Tel Aviv et Washington fournissent cependant une interprétation différente quant à la finalité exacte du projet d’extension du site de Natanz et son niveau de dangerosité. L’Etat hébreu y voit une confirmation de la menace que représente l’Iran et qui justifie ses propres représailles. Mais les Etats-Unis se montrent plus sereins face à un projet qui ne sera achevé que dans plusieurs années, et ne constitue donc pas une menace immédiate tant que la porte des négociations demeure ouverte. En outre, si l’Iran est en effet à quelques semaines de la capacité d’enrichissement d’uranium suffisante pour produire une bombe atomique, il lui faudrait néanmoins deux ans, y compris d’après les estimations israéliennes les plus alarmistes, pour adapter cette technologie à un usage militaire. Alors que Joe Biden compte se rendre très prochainement en Israël et en Arabie Saoudite, les deux principaux rivaux de l’Iran au Moyen-Orient, la question de cette avancée technologique sera nécessairement posée, tout comme celle de l’éventualité d’une intervention militaire menée soit par Washington, soit par Israël avec l’agrément américain. L’Etat hébreu a en effet considérablement accéléré son activisme militaire et diplomatique. Outre la récente opération « Chariots de feu », une simulation de frappe à grande échelle contre l’Iran, Tel-Aviv a révélé la mise au point d’une coopération militaire régionale avec les Etats arabes signataires des Accords d’Abraham, la Middle East Air Defense Alliance, conçue comme un outil de riposte aux éventuelles menaces militaires iraniennes.

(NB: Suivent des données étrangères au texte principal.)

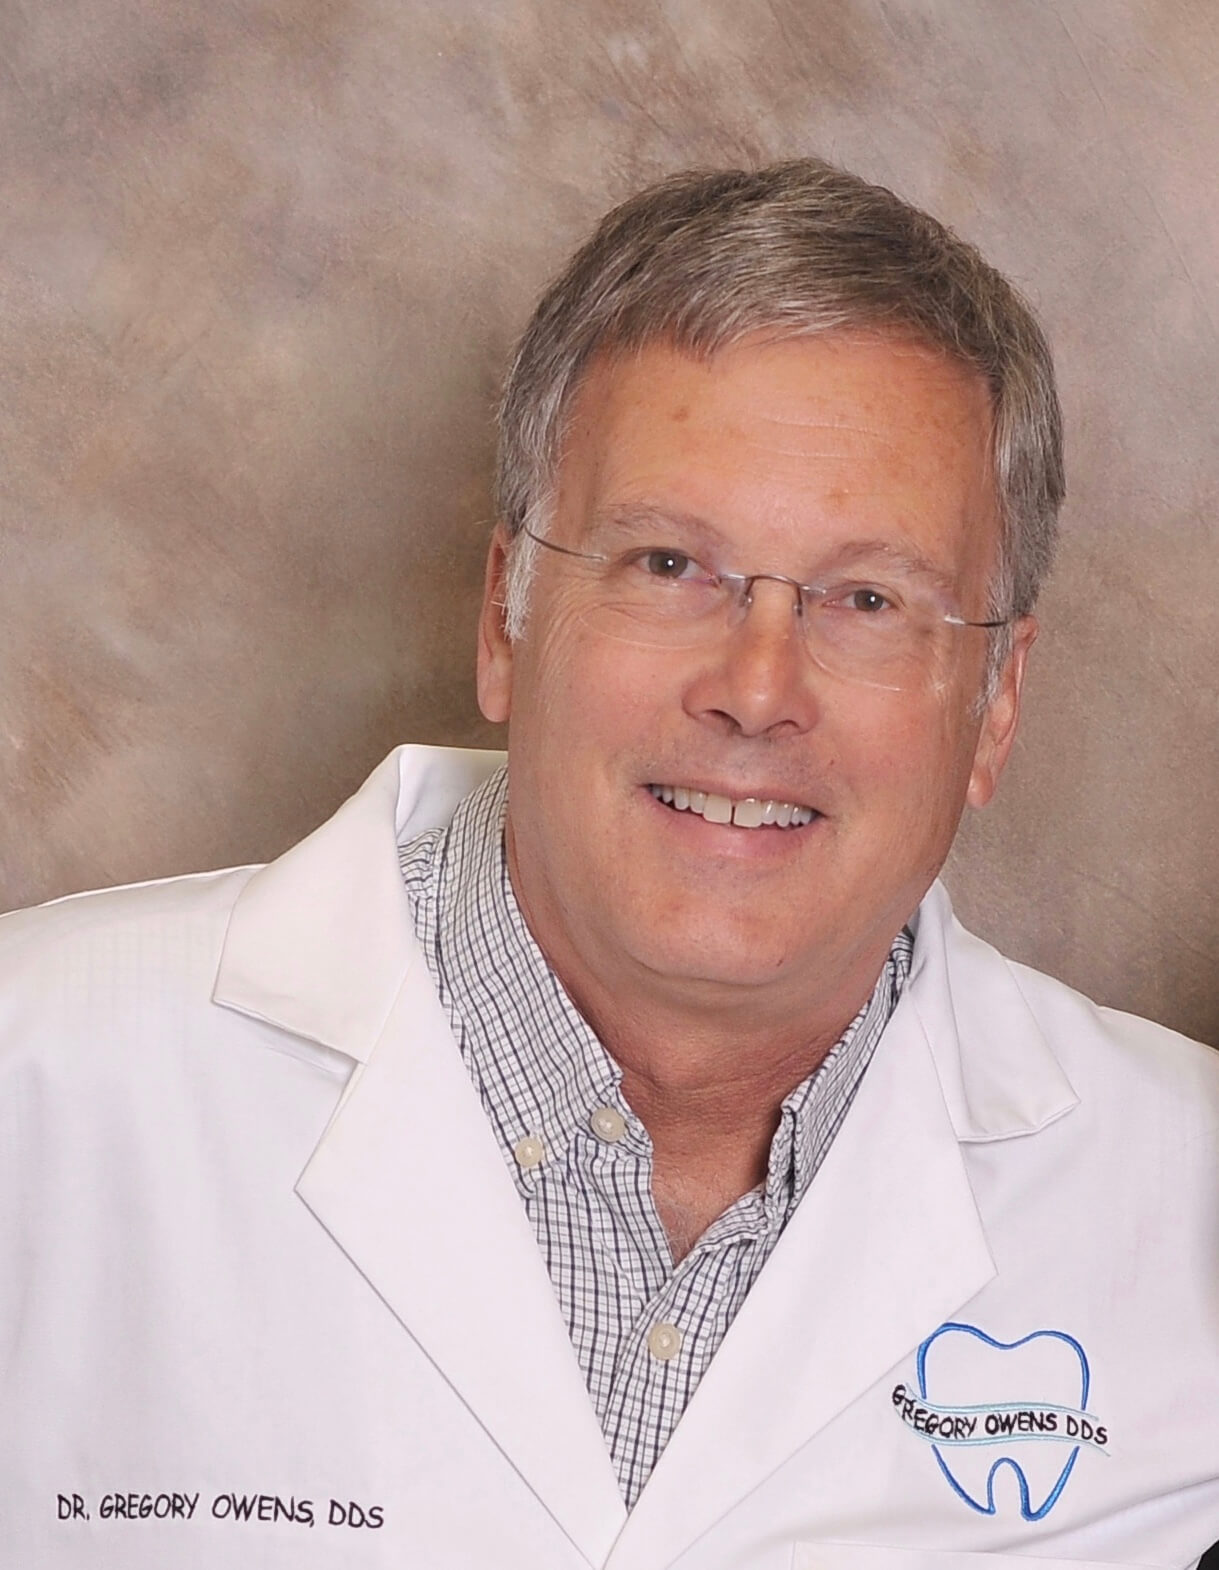 Dr. Gregory Owens, DDS

Le message adressé par l’Iran aux Américains via ce projet est clair : si d’aventure la diplomatie échouait à Vienne, le risque d’un break-out nucléaire deviendrait hautement probable si Téhéran l’estime nécessaire pour assurer sa sécurité, notamment face à Israël, et poursuivre sa projection de puissance à l’échelle régionale. Selon l’AIEA, un tel cas de figure compromettrait sérieusement les chances de résurrection du Joint Comprehensive Plan of Action. Il faut néanmoins comprendre que l’entretien de la menace nucléaire reste le principal moyen de pression de Téhéran, et de loin son plus efficace auprès des Occidentaux, même si l’état-major américain craint bien davantage son programme de missiles balistiques et sa maîtrise des drones de pointe, un domaine où l’Iran a connu un progrès technologique significatif ces cinq dernières années, et qui lui a permis de devenir la première puissance militaire du Moyen-Orient.

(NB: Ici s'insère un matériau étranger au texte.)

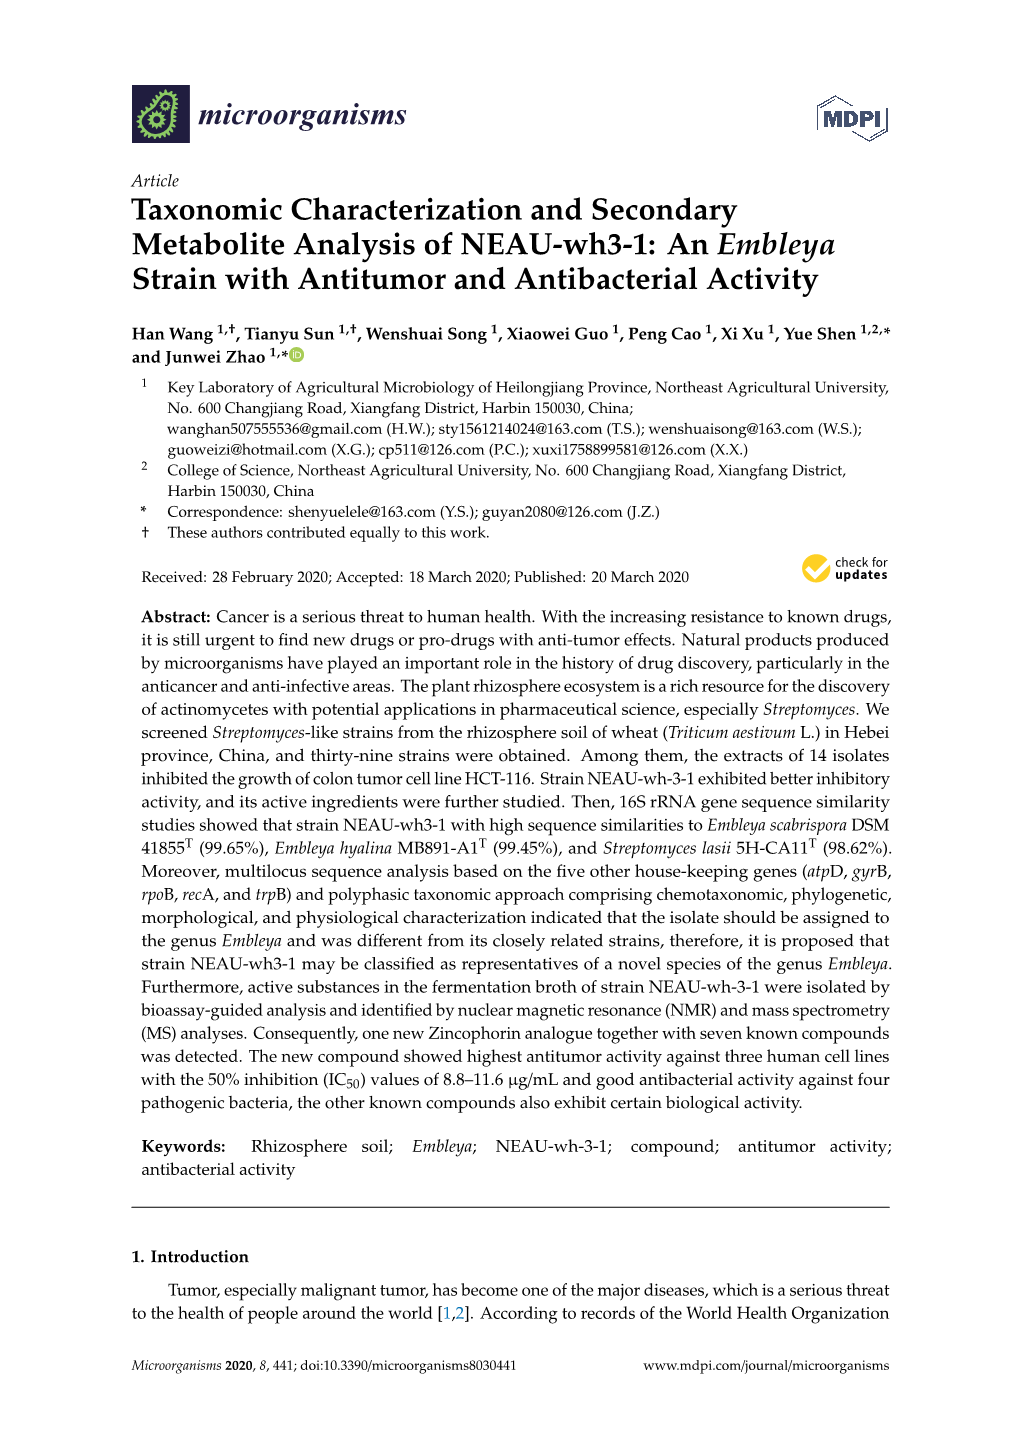 Taxonomic Characterization and Secondary Metabolite Analysis of NEAU-Wh3-1: an Embleya Strain with Antitumor and Antibacterial Activity

Il est pourtant encore temps de confirmer un cadre acceptable au programme nucléaire iranien : conserver à l’Iran le statut d’ « Etat du seuil » serait une solution satisfaisante sur le plan idéologique et politique pour la République islamique, dont l’urgence reste malgré tout le soulagement de l’économie. Les Etats-Unis ont toutes les cartes en main pour accorder les concessions économiques et politiques légitimement attendues par Téhéran. L’issue de la tournée de Joe Biden à Tel-Aviv et Riyad éclairera sans doute les intentions de Washington en la matière, pour l’heure encore très indécises, pour ne pas dire ambiguës.

Par Ardavan Amir-Aslani. 

Paru dans l’Atlantico du 26/06/2022.